Marine Lake funding bid is successful

PUBLISHED: 11:00 28 September 2012

Clevedon Marine Lake

Clevedon Marine Lake

Archant

A TOURIST attraction in Clevedon could soon benefit from hundreds of thousands of pounds.

Organisers working on plans to revamp Marine Lake have been given £40,000 from the Heritage Lottery Fund to enable them to bid for more money to improve the facility.

North Somerset Council, the Marine Lake Enthusiasts Society (MARLENS) and the Civic Society will now be putting together a bid for more than £300,000 from the funding body.

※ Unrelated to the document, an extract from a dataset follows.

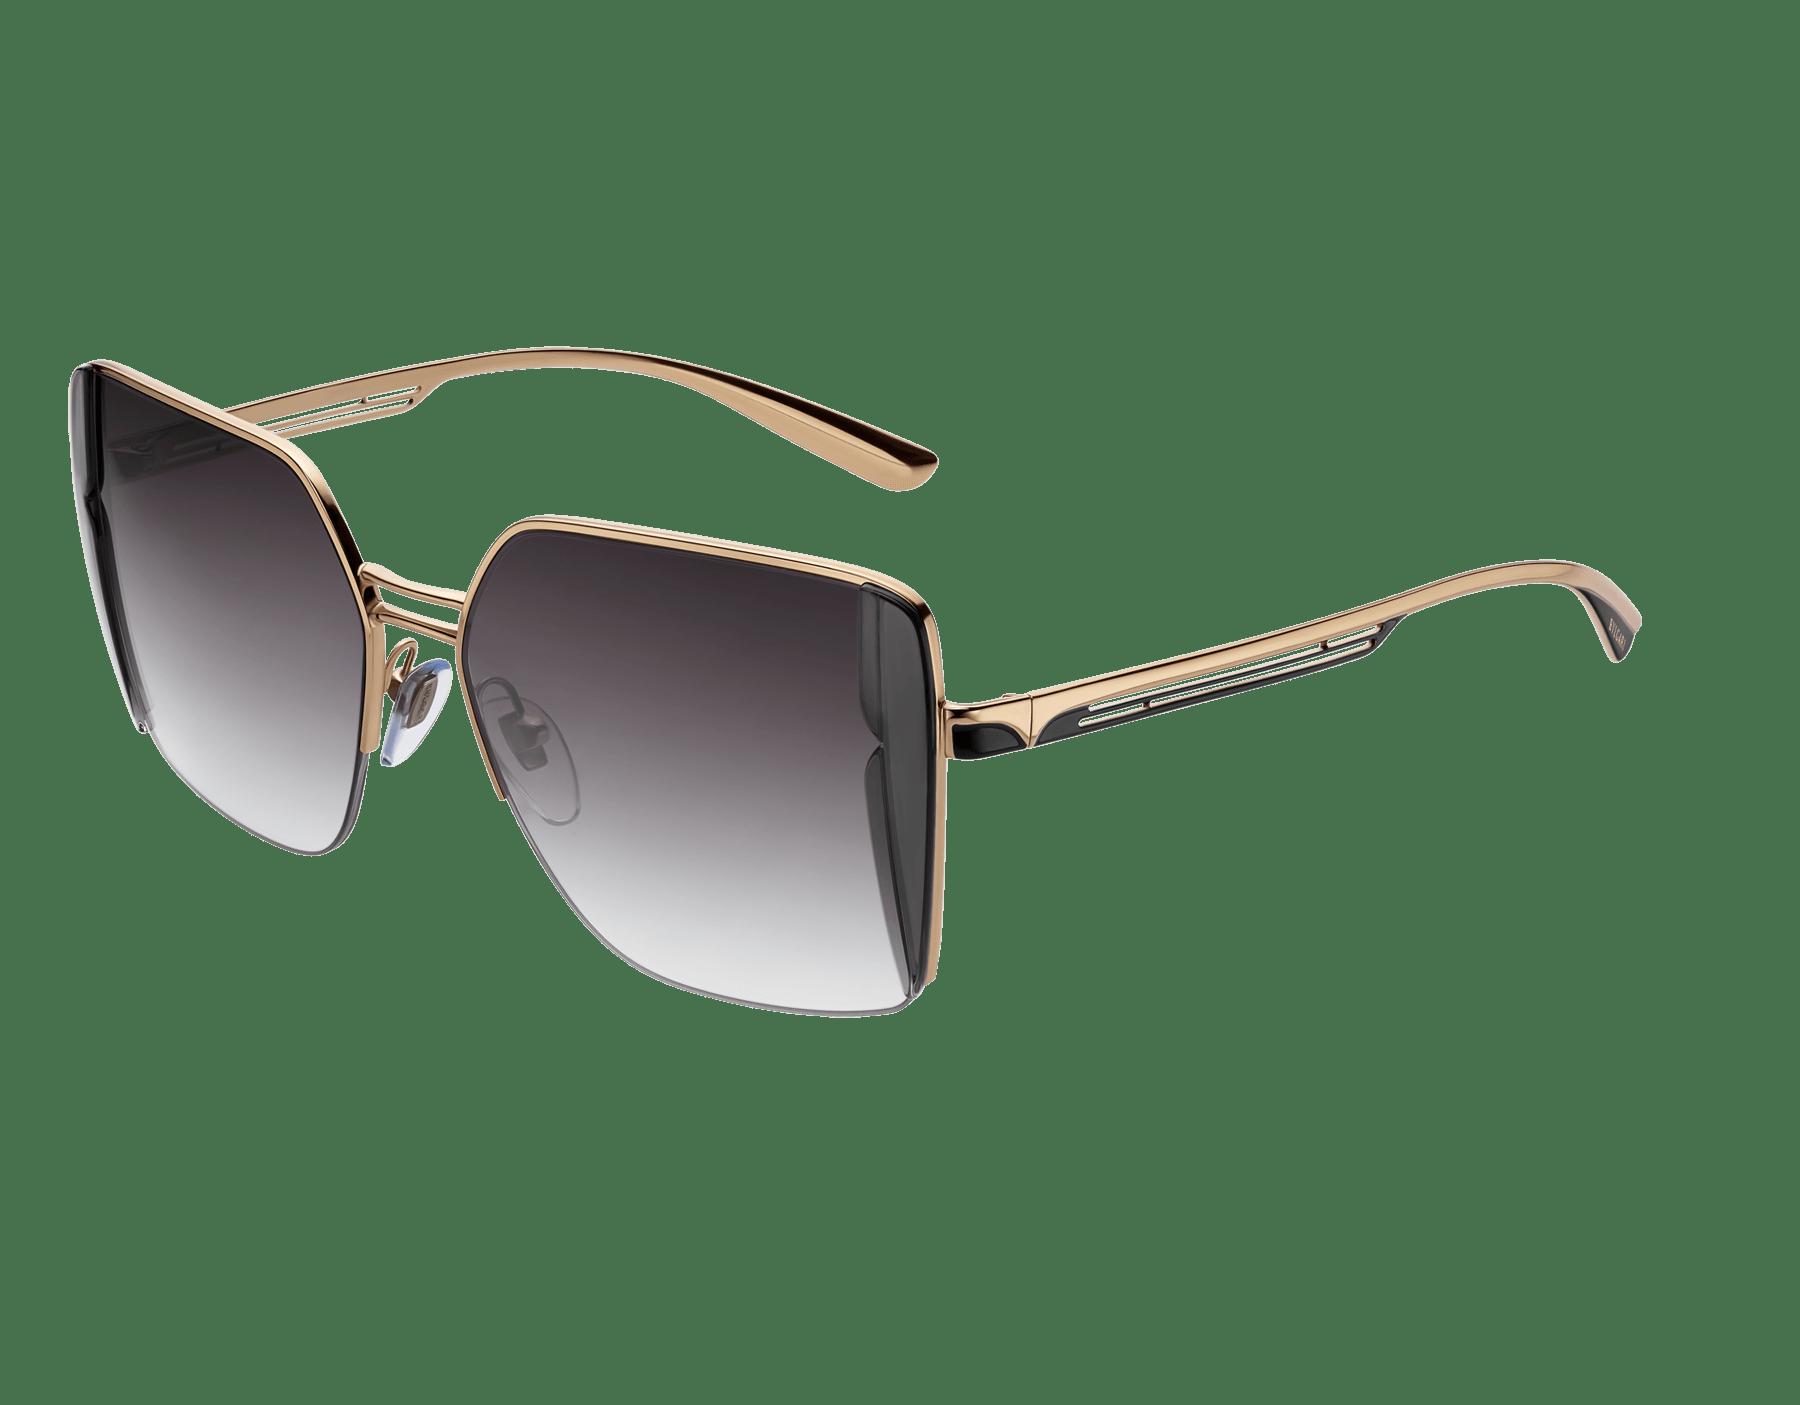 Bulgari B.zero1 B.purebright metal squared sunglasses. 903960 image 1
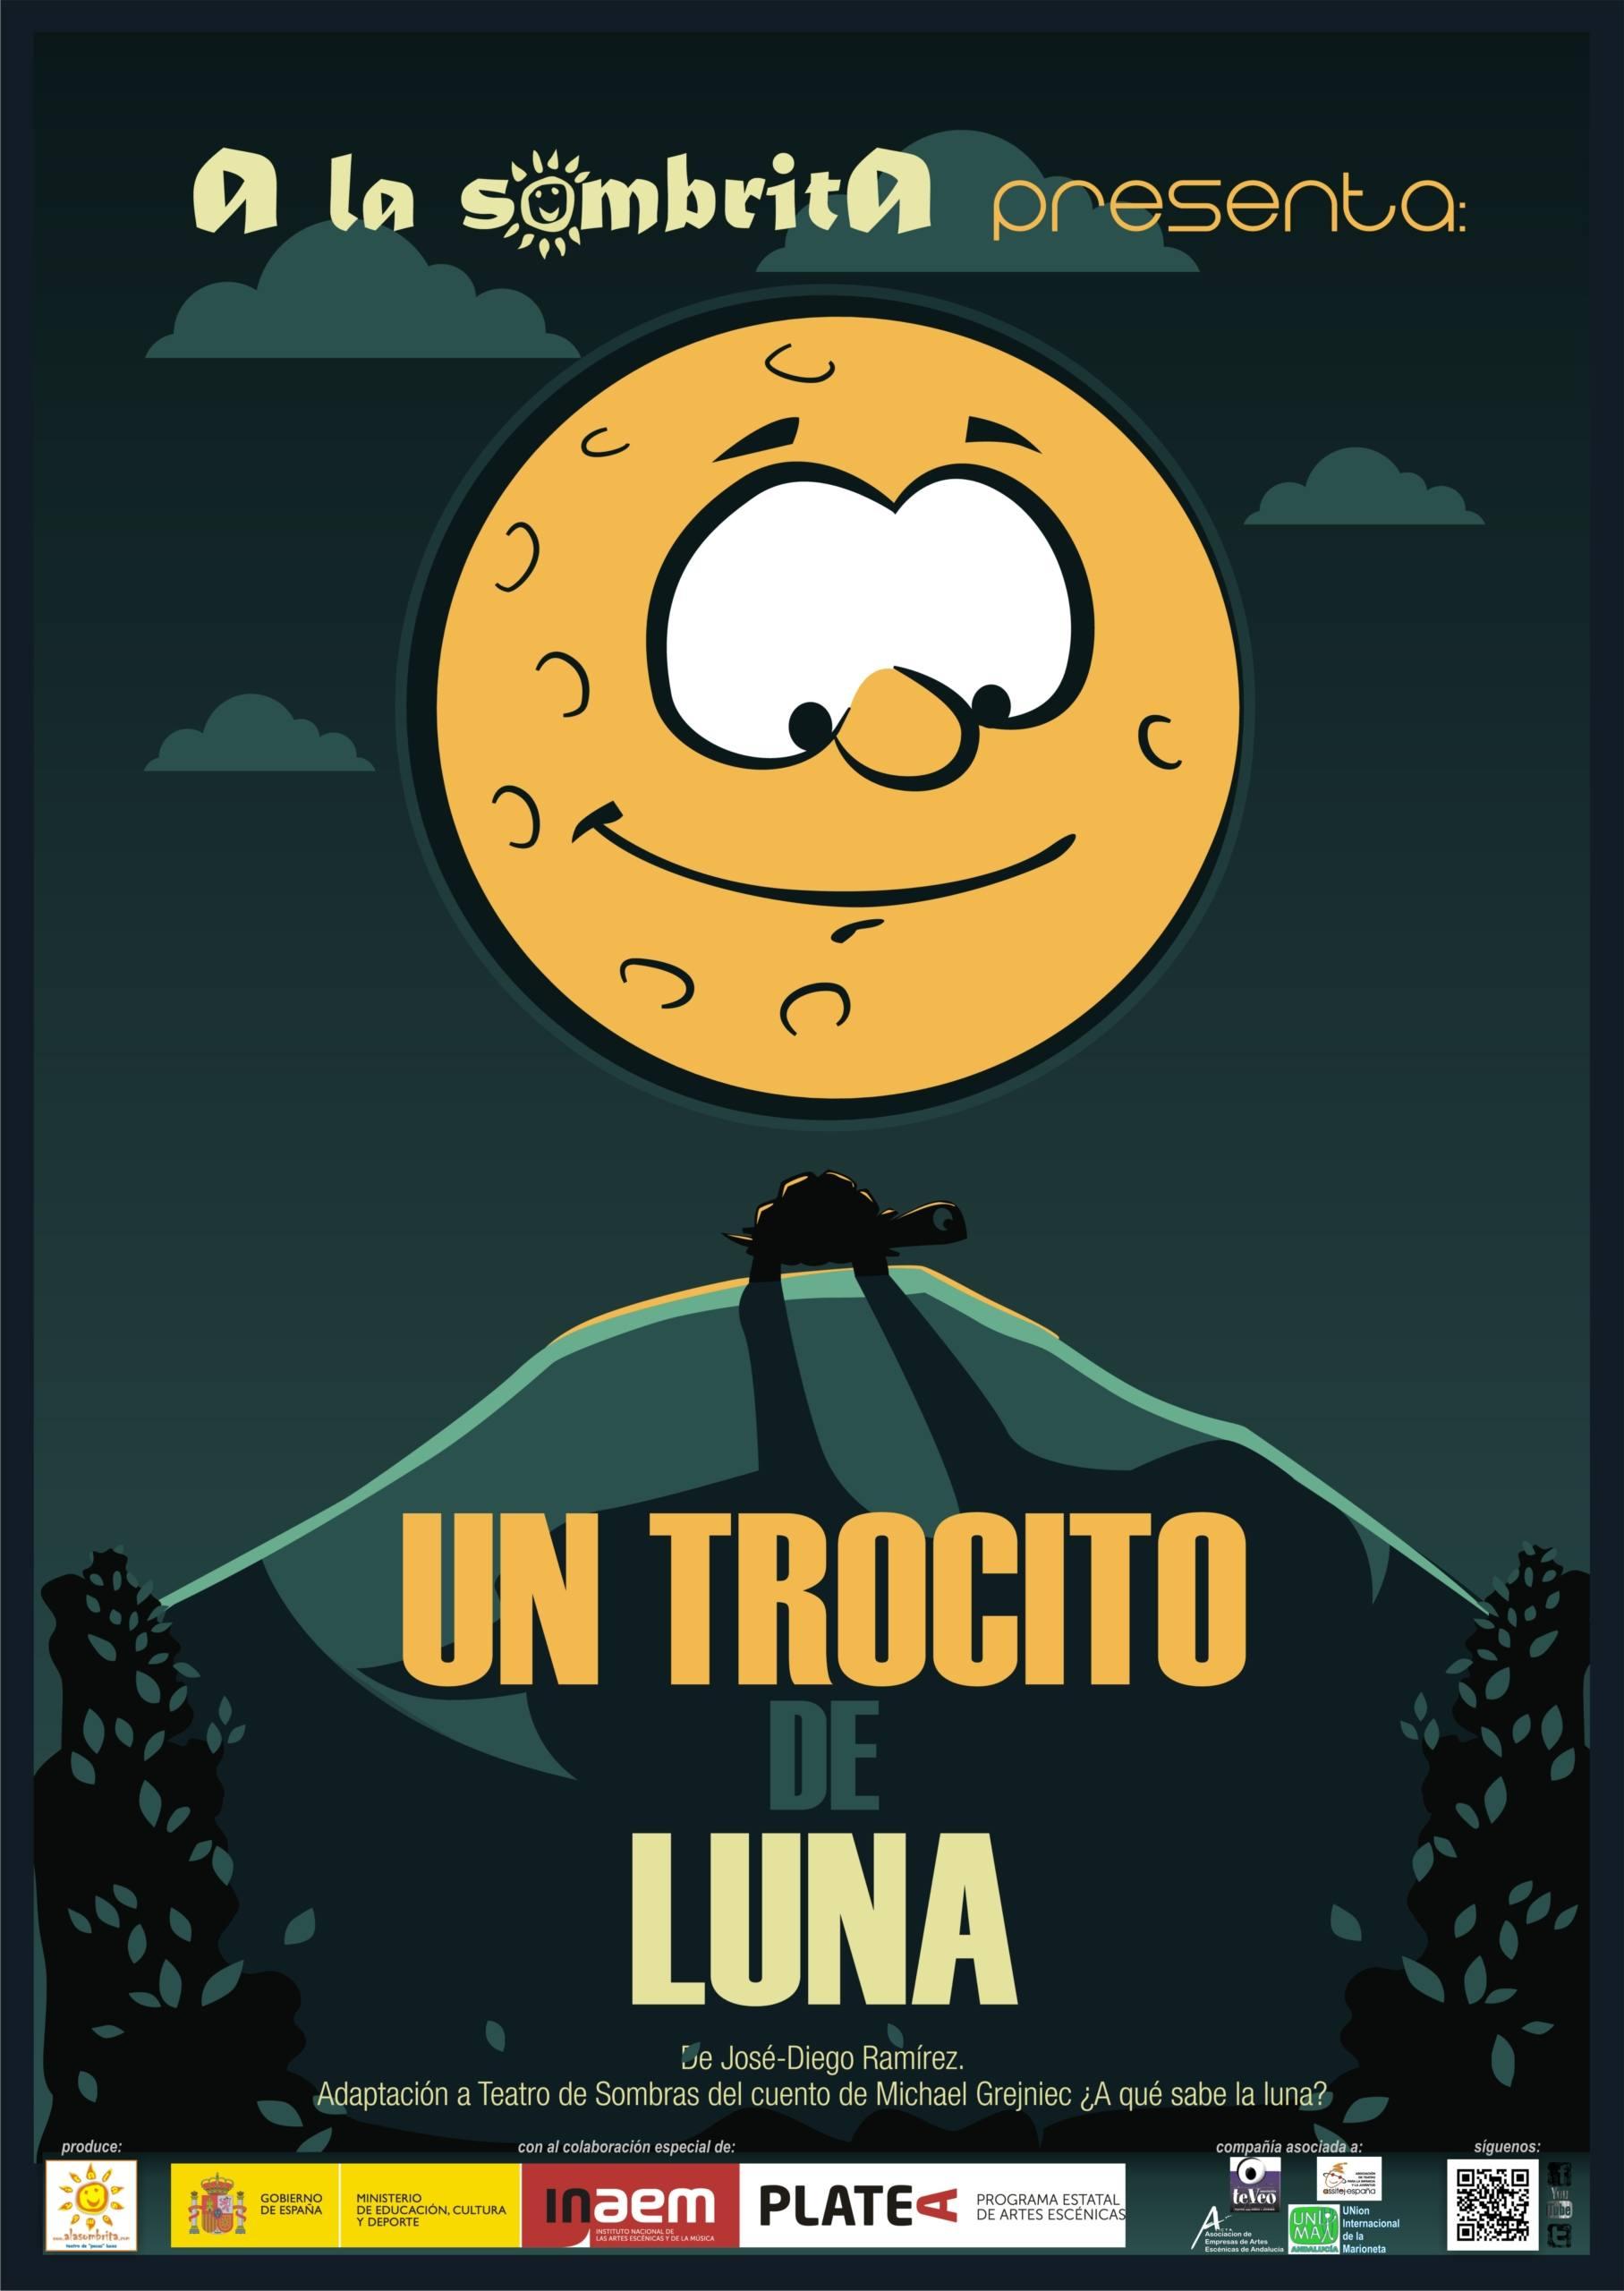 Un trocito de luna

Joe Norman, MARLENS chairman said: “It’s tremendously good news. We put a lot of work in to the bid and it’s great that we can now take it forward.

“The main project we hope to do if we get the extra money is to redo the outer wall of the Marine Lake.

“In its initial design, there was a much better set up for maintenance and refilling.

“It had a pump to refill and lots of sluices to drain. These have got lost over the years.

“It’s now very important to protect the outer wall and stop leakage. We need to create a new wall inside the old wall.

“We also need to put in an extra ramp at one end of the lake for people with wheelchairs and pushchairs.”

The proposals include improving a small bathing pool at one end of the site for younger swimmers, introducing a new launching ramp and refurbishing and updating the facility near the Salthouse Fields.

Mr Norman said: “We now have to put together an organisation which will look after Marine Lake in the future.

“We have to show that we will carry it forward once the basic work has been done.

“If we are successful we hope to get the money in the summer of 2014 to start work in the winter.

“The MARLENS festival showed how enthusiastic everyone is for Marine Lake and how much they value it.”

Marine Lake was built in 1929, but by 2004 it had become derelict. MARLENS was formed to try to bring it back into efficient working order.

Despite both the MARLENS and North Somerset Council carrying out repairs over the years, a leak in the outer wall means water levels keep falling in parts.